Healthcare for mothers during childbirth in the early 1900s was severely lacking. Because of the lack of trained doctors in impoverished areas of the US, infant and mother mortality was relatively high during childbirth. Hospitals in certain areas were deficient in medical care, and often were little more than a room with a few beds in it. Physician regulations were patchy and infrequently enforced, leading to a highly variable level of care for expectant mothers. The government provided little financial or medical support for poor farmers' wives, so very few of them could afford a properly trained doctor or midwife.2 All of these factors lead to high infant and maternal mortality. Poor sanitation caused potentially life-threatening infections, and complications during delivery were often handled by someone poorly trained and consequently more likely to result in death. Maternal mortality in Louisiana in the 1930s ranged from 10 mother deaths per 1000 births in 1930 to 6.2 deaths per 1000 births in 1939. The decade followed a steady downward trend in deaths, but the numbers were still an order of magnitude higher than maternal mortality in the 21st century.4 5 Families had to live with the constant threat of death or serious injury during the childbirth process, and many children grew up during the 30s without a mother as a result.

Sources[edit]

1. Mann, K. "One Hundred Years Of Alcoholism: The Twentieth Century." Alcohol and Alcoholism, 2000, 10-15. Accessed October 1, 2015.

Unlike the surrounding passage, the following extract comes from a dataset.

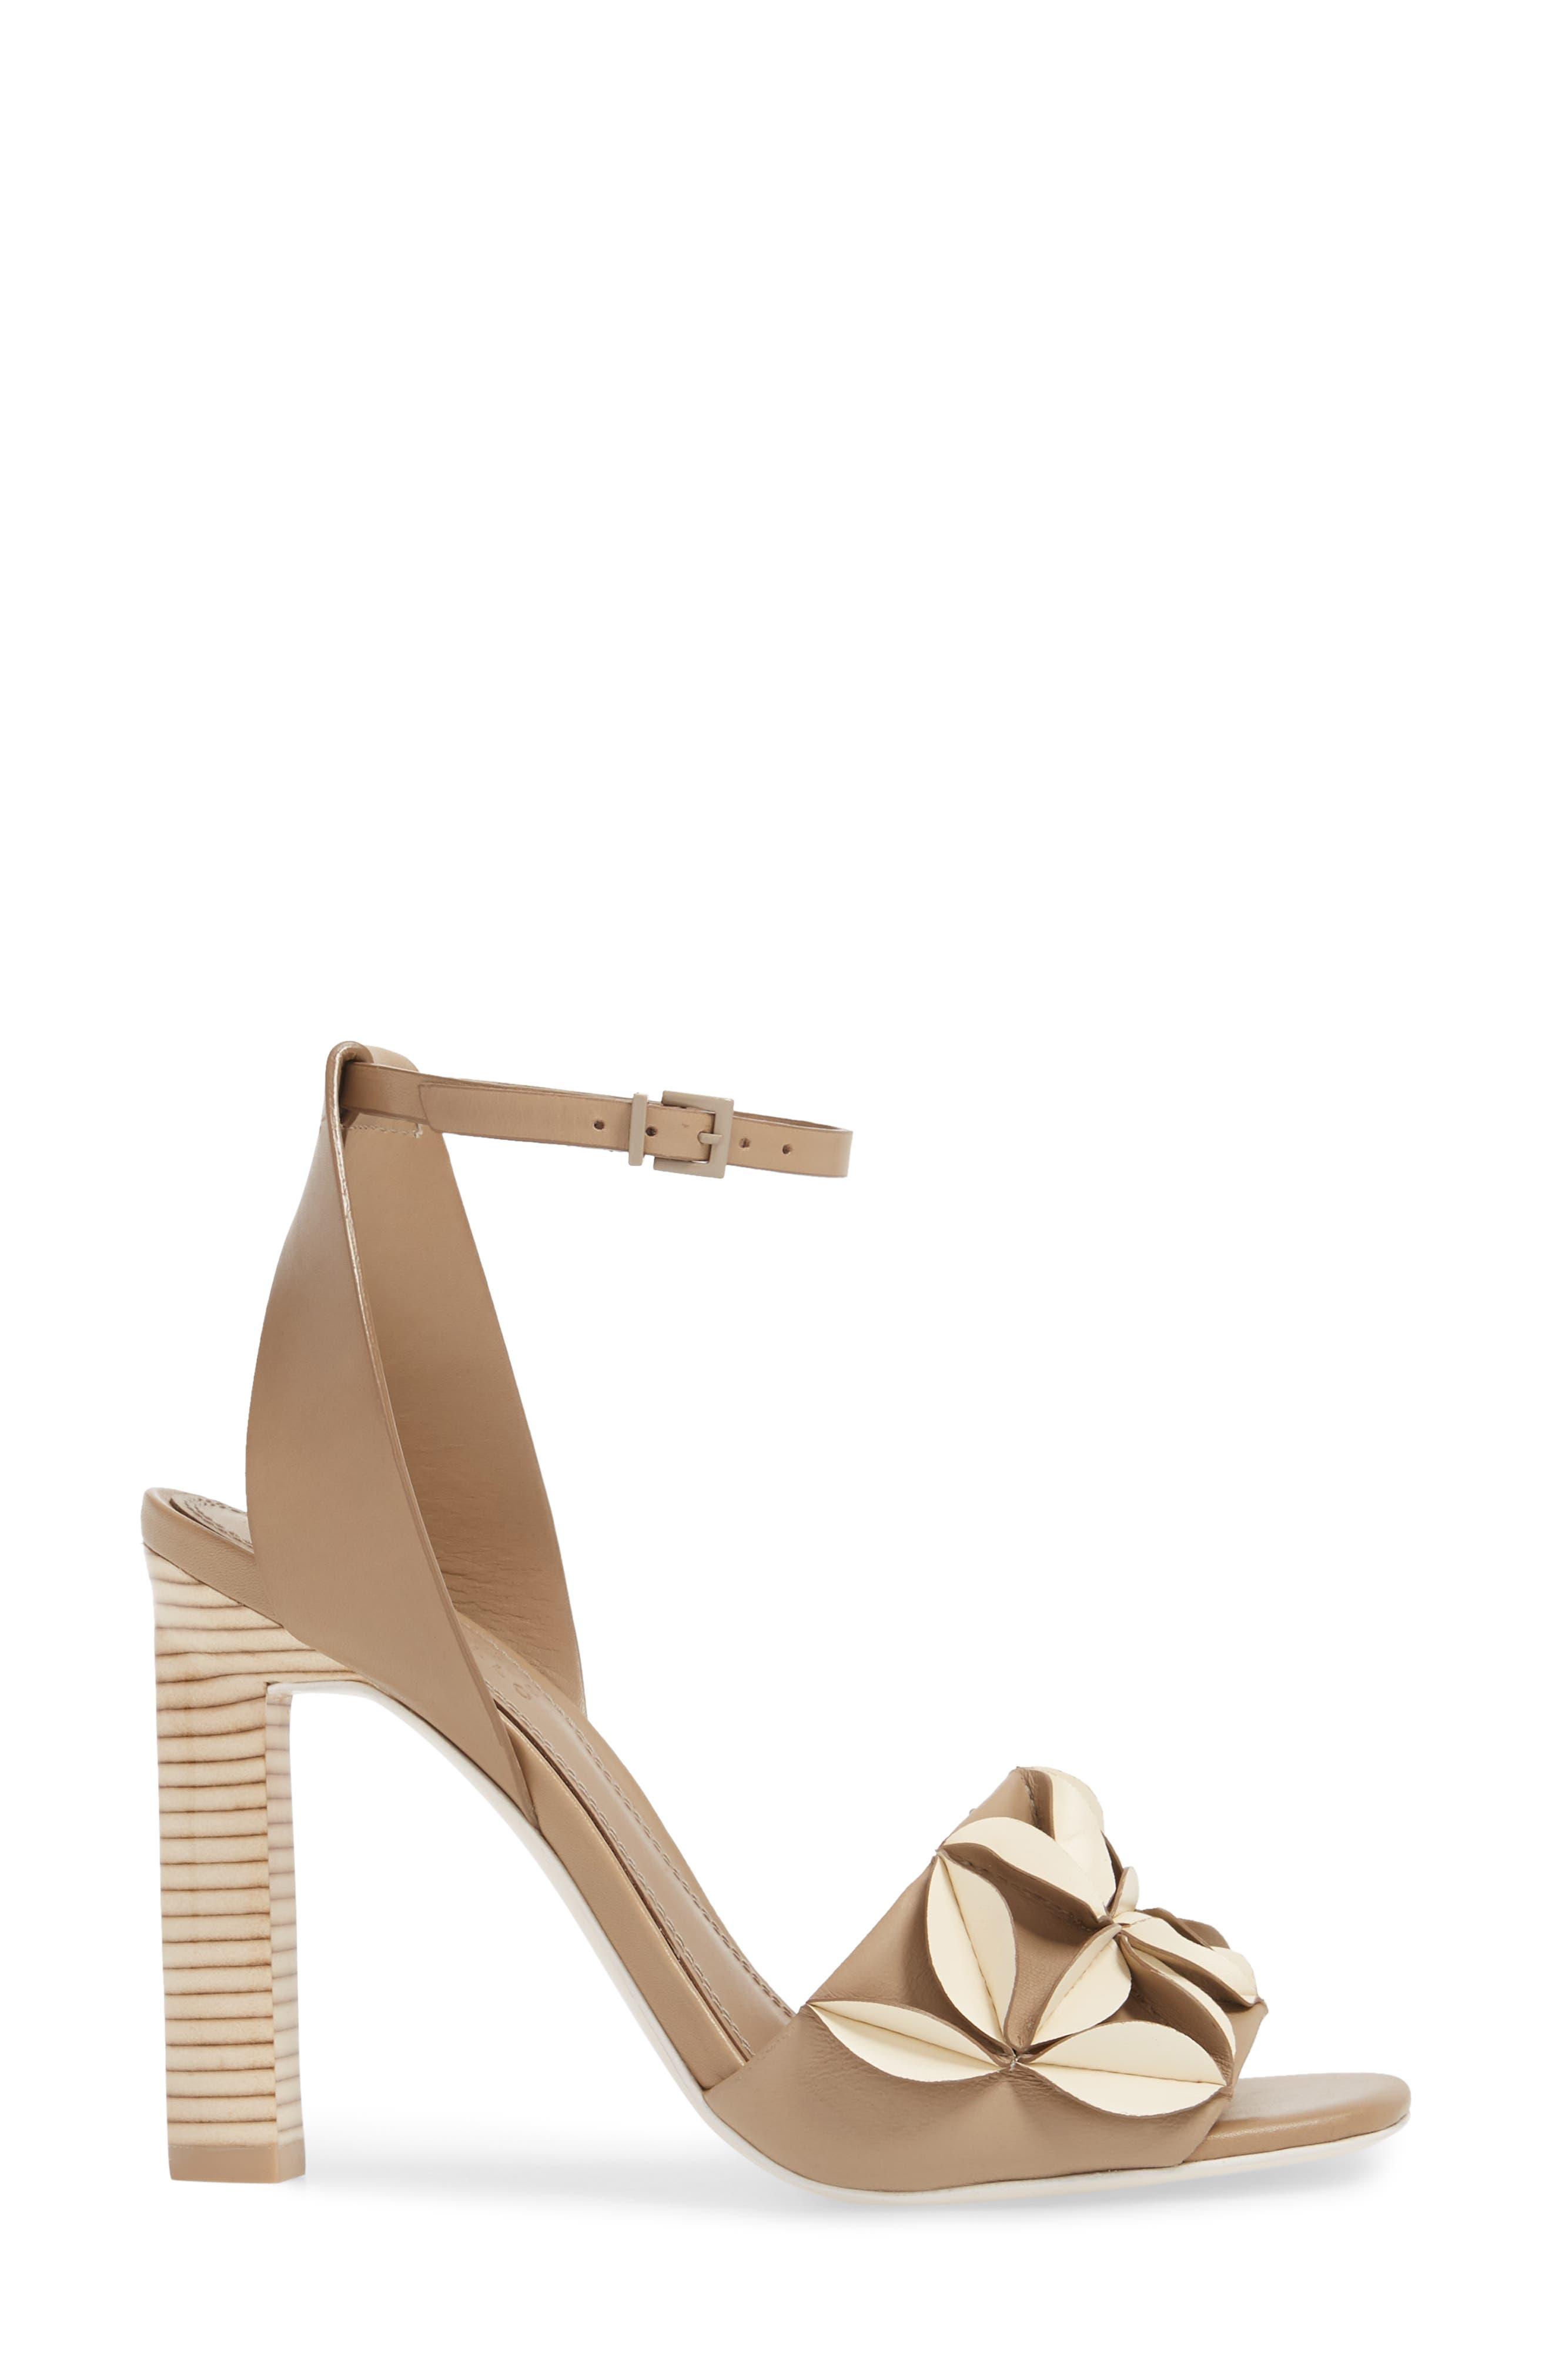 Milee Ankle Strap Sandal,                             Alternate thumbnail 3, color,                             250

2. Loudon, Irvine. "The Geography and Politics of Maternal Care in the USA: Introduction." In Death in Childbirth: An International Study of Maternal Care and Maternal Mortality, 1800-1950. Oxford: Oxford University Press, 1992.

3. Travis, Trysh. "Part One: Addiction and Recovery." In Language of the Heart a Cultural History of the Recovery Movement from Alcoholics Anonymous to Oprah Winfrey. Chapel Hill, NC: University of North Carolina Press, 2010.

4. Federal Security Agency. United States Public Health Service. Vital Statistics Rates in the United States 1900-1940. By Forrest E. Linder and Robert D. Grove. Washington, D.C.: U.S. United States Government Printing Office, 1947.

5. U.S. Department of Health and Human Services. Centers for Disease Control and Prevention. Maternal Mortality and Related Concepts. By Donna L. Hoyert. DHHS 2007-1417. Washington, D.C.: U.S. United States Government Printing Office, 2007.